# pet shop license from home



## adamntitch (Jun 17, 2007)

can you get a pet shop license for selling from your home


----------



## kelz-b (Oct 20, 2008)

you sure can, you need to contact your local council. You will need to speak to the Environmental Services department who can send out an application form to you. The licence usually costs anything from £130 upwards and once the council have received your application form they will arrange to inspect your premises and also arrange a Veterianry Inspection too.


----------



## Athravan (Dec 28, 2006)

Yup, as above - it's exactly the same procedure as getting a pet shop license from a business premises.


----------



## Robbie (Dec 4, 2006)

To operate you need to hold a recognised animal care qualification, or better. Up here anyway, Adam.


----------



## Jczreptiles (Sep 1, 2009)

In Cornwall you don't need any qualifications and the only inspection you get is from a Vet.


----------



## Grond (Jun 17, 2008)

Robbie said:


> To operate you need to hold a recognised animal care qualification, or better. Up here anyway, Adam.


Never heard of that! When I enquired round here, all you need is a good enough set up to pass the inspection, and some money!!


----------



## Athravan (Dec 28, 2006)

You need to hold Pet Store Management from City & Guilds here - but each council can set the requirements for a qualification as it sees fit.


----------



## Robbie (Dec 4, 2006)

Grond said:


> Never heard of that! When I enquired round here, all you need is a good enough set up to pass the inspection, and some money!!


Our shop has recently changed hands. We were visited by the council rep from the licensing department who gave us written confirmation that to keep on trading to the public we needed at least one staff member with a recognised animal care qualification. Because our new owner has a degree in a semi-related field we were given a period of 24 months (two years) to attain a qualification from the councils list.


----------



## Grond (Jun 17, 2008)

Athravan said:


> You need to hold Pet Store Management from City & Guilds here - but each council can set the requirements for a qualification as it sees fit.





Robbie said:


> Our shop has recently changed hands. We were visited by the council rep from the licensing department who gave us written confirmation that to keep on trading to the public we needed at least one staff member with a recognised animal care qualification. Because our new owner has a degree in a semi-related field we were given a period of 24 months (two years) to attain a qualification from the councils list.


See, you learn something new everyday!


----------



## Robbie (Dec 4, 2006)

Grond said:


> See, you learn something new everyday!


Indeed.

We're supposed to have a twice annual vet exam here where the leading vet(s) from DickVet (Edinburgh Uni Vet School) come and have a peek at the setups and stock.
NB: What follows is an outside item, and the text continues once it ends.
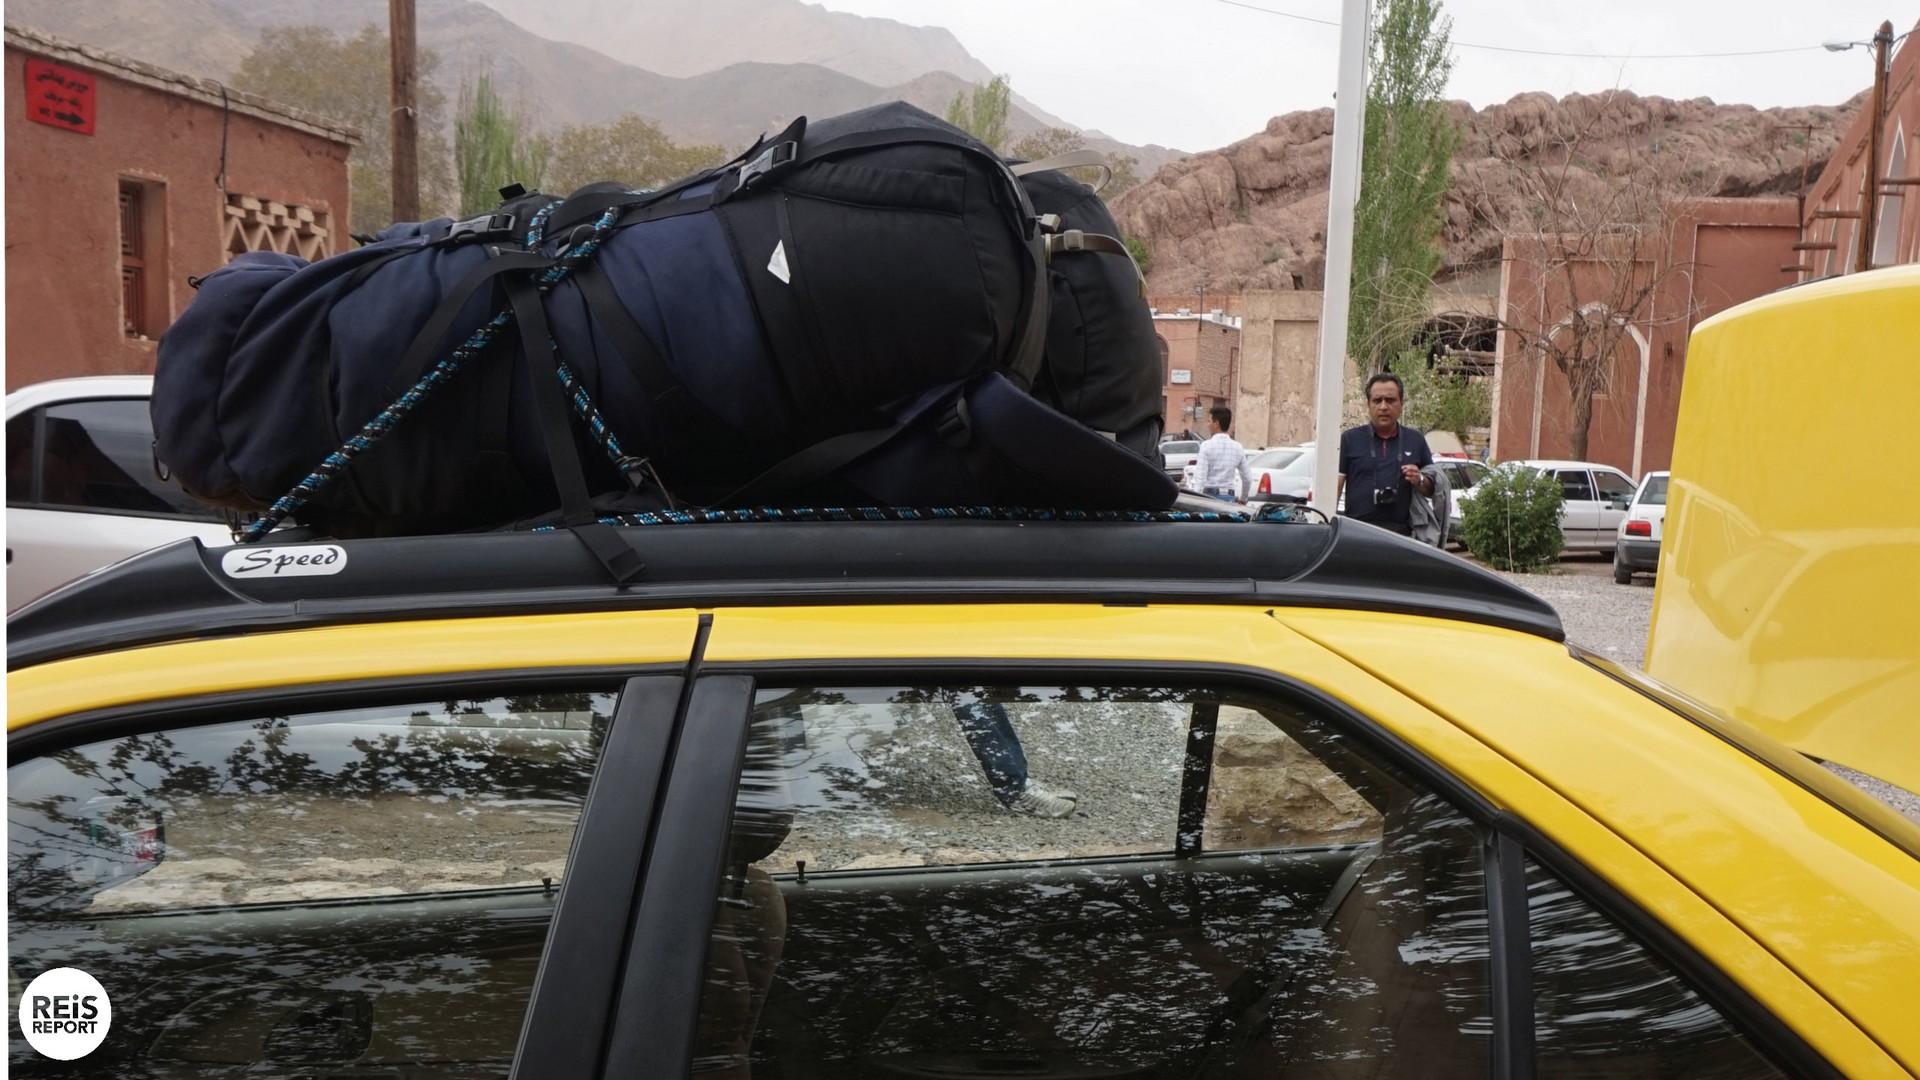 abyaneh iran bezoeken

It's a bit funny as we're always rang by the vets for advice. I've on a few occasions had to correct the exotic vets. But that's what's happening - you need debt and a certificate to be knowledgeable.


----------



## Sarah-Jayne (Jul 4, 2007)

If you are going to have a pet shop license for your house then you are also going to need to declare a change of use with the Land Registry to change your property from a residential building to a commercial building as you will be running a business, you may also have to pay business rates instead of Council tax.


----------



## Captainmatt29 (Feb 28, 2009)

Sarah-Jayne said:


> If you are going to have a pet shop license for your house then you are also going to need to declare a change of use with the Land Registry to change your property from a residential building to a commercial building as you will be running a business, you may also have to pay business rates instead of Council tax.


This is true, although you may not have to pay business tax aslong as you make under a certain amount but dont quote me on that one.....


----------



## Sarah-Jayne (Jul 4, 2007)

messengermatt said:


> This is true, although you may not have to pay business tax aslong as you make under a certain amount but dont quote me on that one.....


Business rates is on the building, not the amount you make


----------



## adamntitch (Jun 17, 2007)

thanks everyone for the advice


----------



## TCReptile (Sep 9, 2008)

Robbie said:


> To operate you need to hold a recognised animal care qualification, or better. Up here anyway, Adam.


Here we have to do a short 2 day course on animal handling (course covers mostly furry animals so isn't even relevent) and needs to be done within the first two years of opening.


----------